# New puppy whines almost all the time



## Kon2D3 (Aug 17, 2011)

Hi guys, I'm in desperate need of some help. I just got a 9.5 week old German Shepherd today. I met the breeder and she was a very nice and responsible person. It seems like she does an incredible job at breeding German Shepherds. Well, one of the girls that we were looking at was very loving and affectionate pup. I now realize that when we were at the breeder's house, the pup did whine a little bit but I didn't think anything of it at the time. 

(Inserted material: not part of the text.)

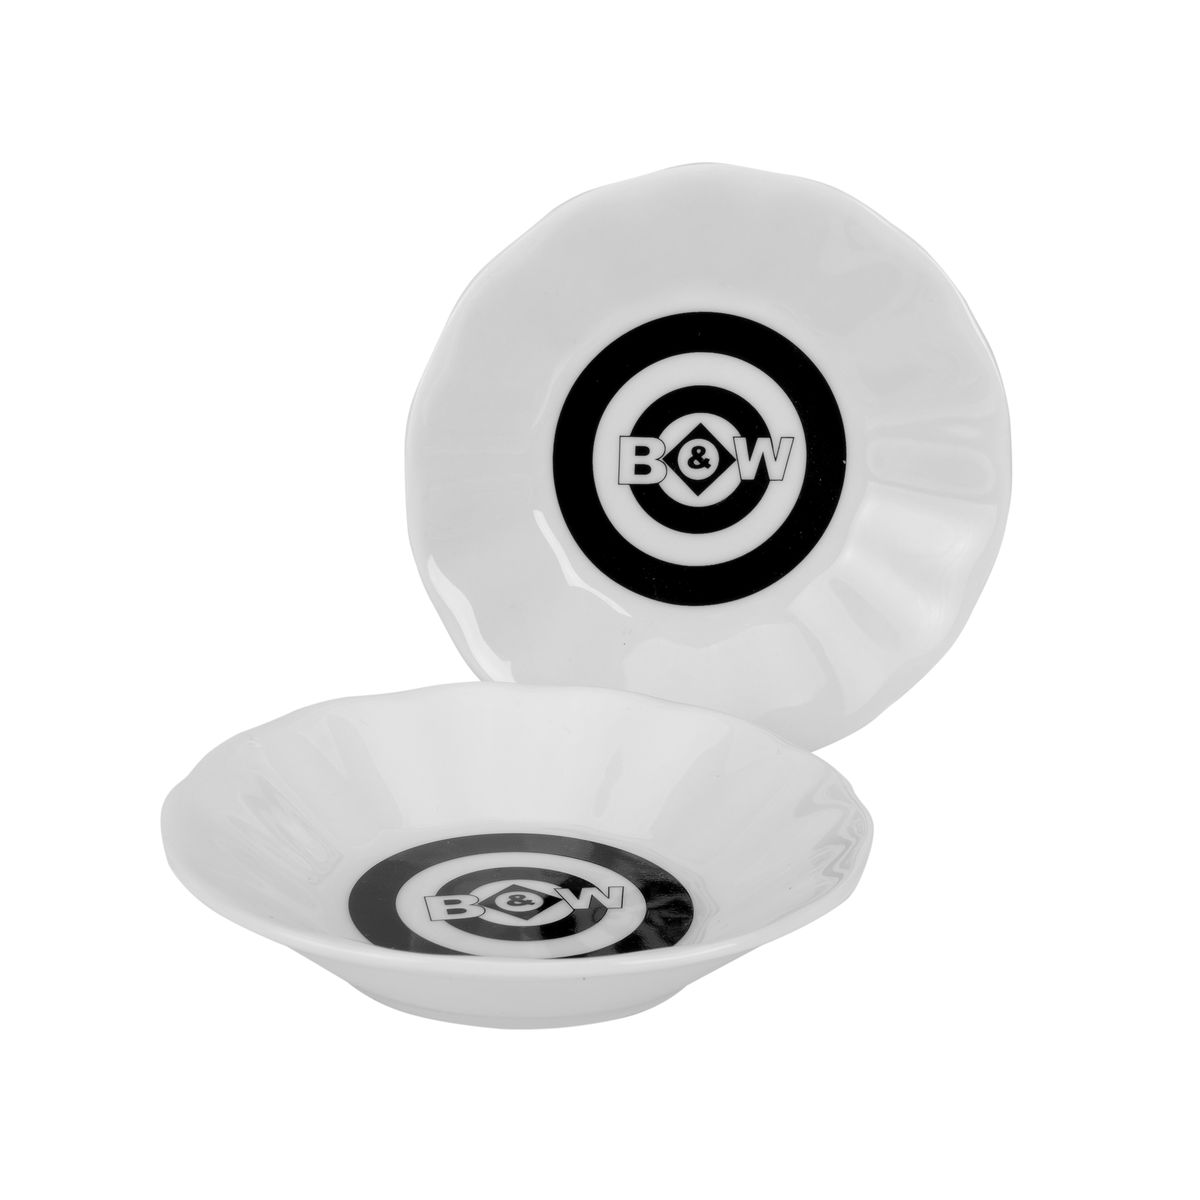 Набор подставок для чайных пакетиков GiftLand Black&White, цвет: черный, белый, 6 шт115510Набор подставок для чайных пакетиков GiftLand Black&White, изготовленный из фарфора, порадует вас оригинальностью и дизайном. Подставки выполнены в форме блюдечка и декорированы черно-белым рисунком. В наборе - 4 подставки.Подставки, несомненно, понравятся любой хозяйке, а кухонный стол всегда будет чистым, без нежелательных разводов от чайных пакетиков. Изделия также можно использовать в качестве тарелок для меда и джема.Диаметр подставки: 10,5 см.Высота подставки: 2,3 см.

Well the pup whimpered and whined and cried all the way to our home but the breeder said that was to be expected. But now she still hasn't stopped whining except for when she's sleeping. Besides that, it doesn't matter what she is doing, whether she's is sniffing something, eating food, drinking, outside on a walk, or even sitting in our laps, she is still whining. We don't know what to do. We give her love, attention, toys, but nothing seems to satisfy it. 

Please help!


----------



## cynster (Feb 26, 2011)

That's normal  My puppy did it too for at least the first week I had her, maybe more, and she was 4 months old - just hadn't been away from her mom or her people and she wasn't used to being alone in the crate. I put the crate on the bed next to me to help her calm down but she still whined a bit, but eventually it went away.


----------



## doxiemommy (Dec 18, 2009)

Yep, the whining is normal! She's been in one home with people she knew, her mama, her siblings, that was her world. Now, she's somewhere new, with new people, new sights, sounds, and smells, and she's just a baby at that age. 
Some things that can help:
- getting a towel, blanket, stuffed toy that had been around her mama or siblings, or breeder, so she has that comforting, familiar scent around her.
- cover the crate if she whines in the crate.
- put a kitchen timer in the crate; the tick tock can remind puppies of mama's heartbeat.
- put a piece of YOUR clothing near her, in her bed, crate, or comfy spot. As she spends more time in your home, you will become her new "security blanket", as you are giving her love, affection, food, toys. So, having your scent nearby can also be comforting.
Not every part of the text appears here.